I'm going to be getting plants for my 15 gallon sorority possibly from here:http://www.shop.plantedaquariumscentral.com/
I also know that if you use the coupon code BETTAFISH (all caps), it is 10% off.


----------



## kfryman (Nov 7, 2011)

Hopeseeker said:


> I'm going to be getting plants for my 15 gallon sorority possibly from here:http://www.shop.plantedaquariumscentral.com/
> I also know that if you use the coupon code BETTAFISH (all caps), it is 10% off.

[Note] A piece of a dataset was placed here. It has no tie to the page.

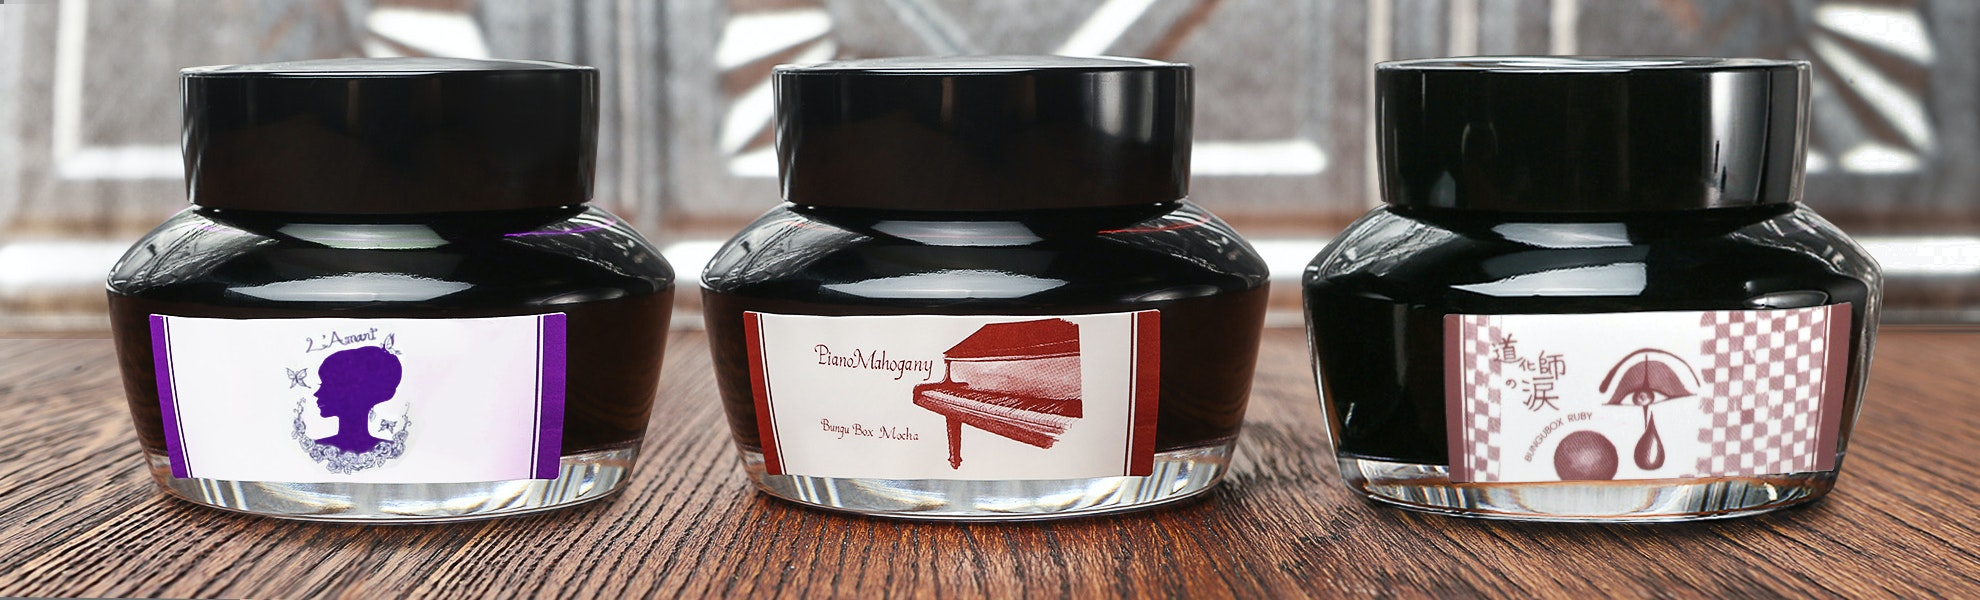 Bungbox Red & Purple Ink Set (3-Pack)

That's the site Sakura ordered from, gorgeous plants and doesn't skimo out on plants. One bunch of rotala easily had like 10 stems, though Sakura could have added more, I don't know, but they do give you some free plants.


----------



## battered (Dec 24, 2011)

The best quantity/quality/prices you're going to get is usually on classifieds sections of forums.


----------



## mkayum (Jul 5, 2012)

I usually buy my plants from Petco. XD 

Hope you find the better website to buy the plants. c: Good luck!


----------



## kfryman (Nov 7, 2011)

Oh the place I go that sells ADA products ships plants too. Here is there link http://www.neptuneaquatics.com/ Look in their gallery and see why I love this place. This is their latest aquascape http://www.neptuneaquatics.com/content/store-pictures?cck_pager_field_gallery_image=5 (Towards the bottom) It is done by the people that work there too!

Looks like they are mostly sold out online for plants, in store they have plenty though.


----------



## Shadyr (Mar 27, 2012)

I've really only gotten things from Petsmart and Petco. They normally have some nice beginner plants. After my first purchases, I learned to NOT buy tubed plants, only get stuff from the tanks, and even then be wary or at least informed!

I haven't bought anything online yet, but if I can get the bigger sorority tank moving forward, I would imagine I would have to, to get enough stuff to fill it nicely. So *proceeds to stalk this thread*


----------